Let death stalk my enemies;
    let the grave swallow them alive,
    for evil makes its home within them. (Ps 55:15 NLT)

But you, O God, will send the wicked
    down to the pit of destruction.
Murderers and liars will die young,
    but I am trusting you to save me. (Ps. 55:23)

Harsh!

The songs we sing in church rarely if ever include thoughts like these! When we read the Psalms, we prefer to skip over the hard parts so we can get to the inspiring ones. But here’s the thing. When we recoil from the language of the poet-psalmists like David who pray against evil, then something’s wrong, and it’s not with the Psalm.
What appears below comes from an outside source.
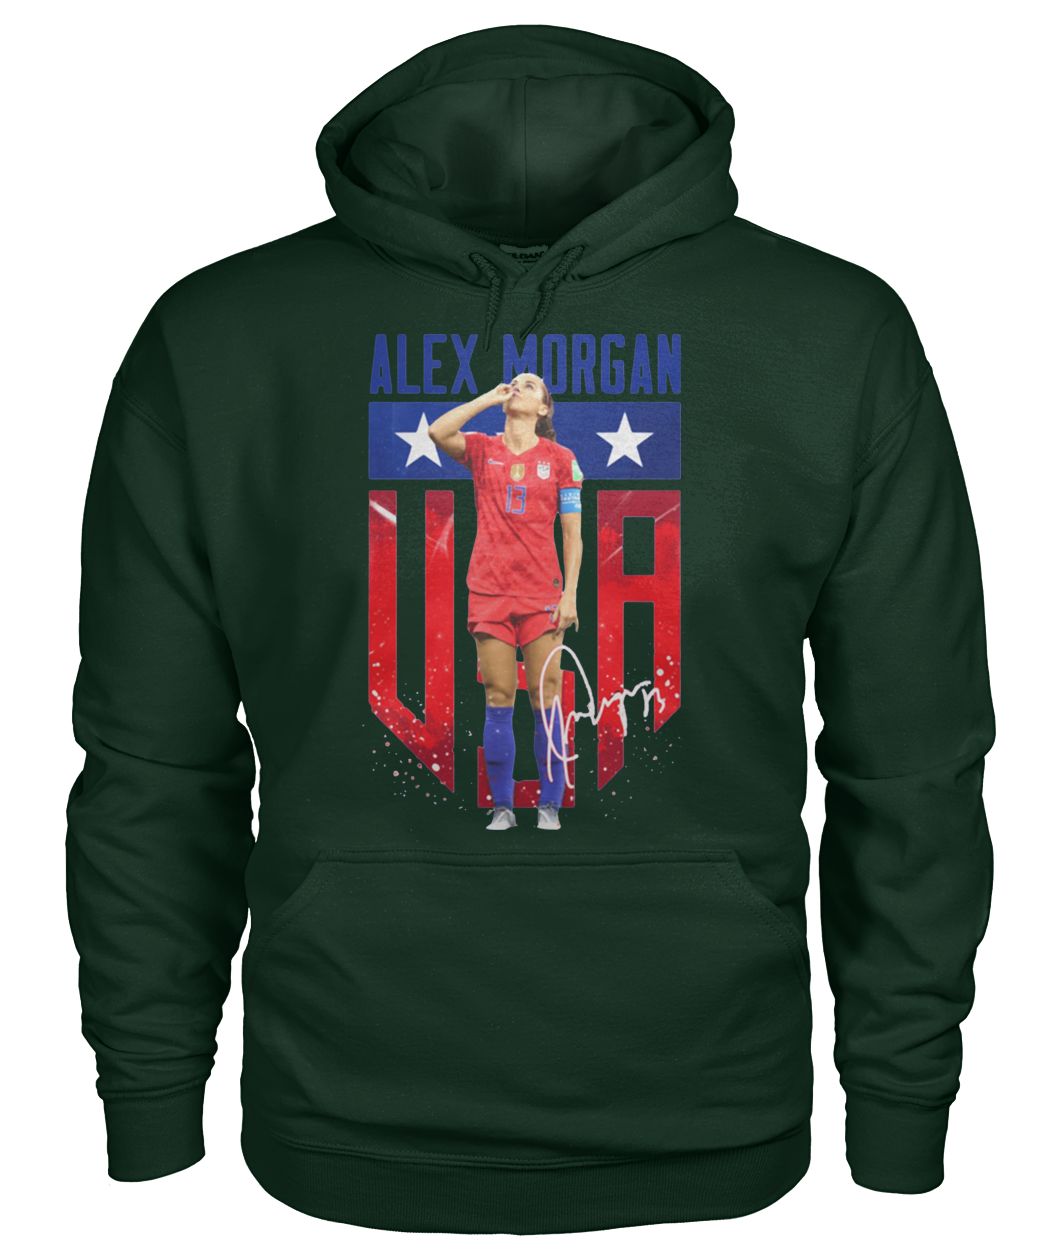 Alex morgan US women’s world cup trolling england iconic celebration gildan hoodie

It’s on us to shake ourselves awake, because we need to learn to recoil against evil, right along with them!

The language and imagery of poetry, especially in the Psalms, develop in us a healthy response to evil. And what is that response? Contrary to what we might think, it’s not railing at people! Not posting on FaceBook or writing opinion pieces. The healthy response is praying it out before God.

Psalm 40 turns us to face God, in all the circumstances of our lives, to God as mystery, as the God who will not be controlled by our small-minded ways. Psalm 40 shows us God is magnificent and awesome, yet he cares for me. That he speaks truth and acts in patient love, even toward unformed and unspiritual people like me. God is the One before whom I dare to lay out my life, the One with whom I can speak honest words, the One who gives me ears to listen, the One to whom I can abandon myself in trust.

More and more people are seeing this:
    they enter the mystery,
    abandoning themselves to God.

Blessed are you who give yourselves over to God,
    turn your backs on the world’s “sure thing,”
    ignore what the world worships;
The world’s a huge stockpile
    of God-wonders and God-thoughts.
Nothing and no one
    compares to you! (Psalm 40: 3-5)

As we go through this David series, you might try reading some of the Psalms along with it. Maybe pick a Bible with language that is less familiar to you, less formal. And try praying it rather than just reading. Let’s let David help us, not to know about God, but to know him.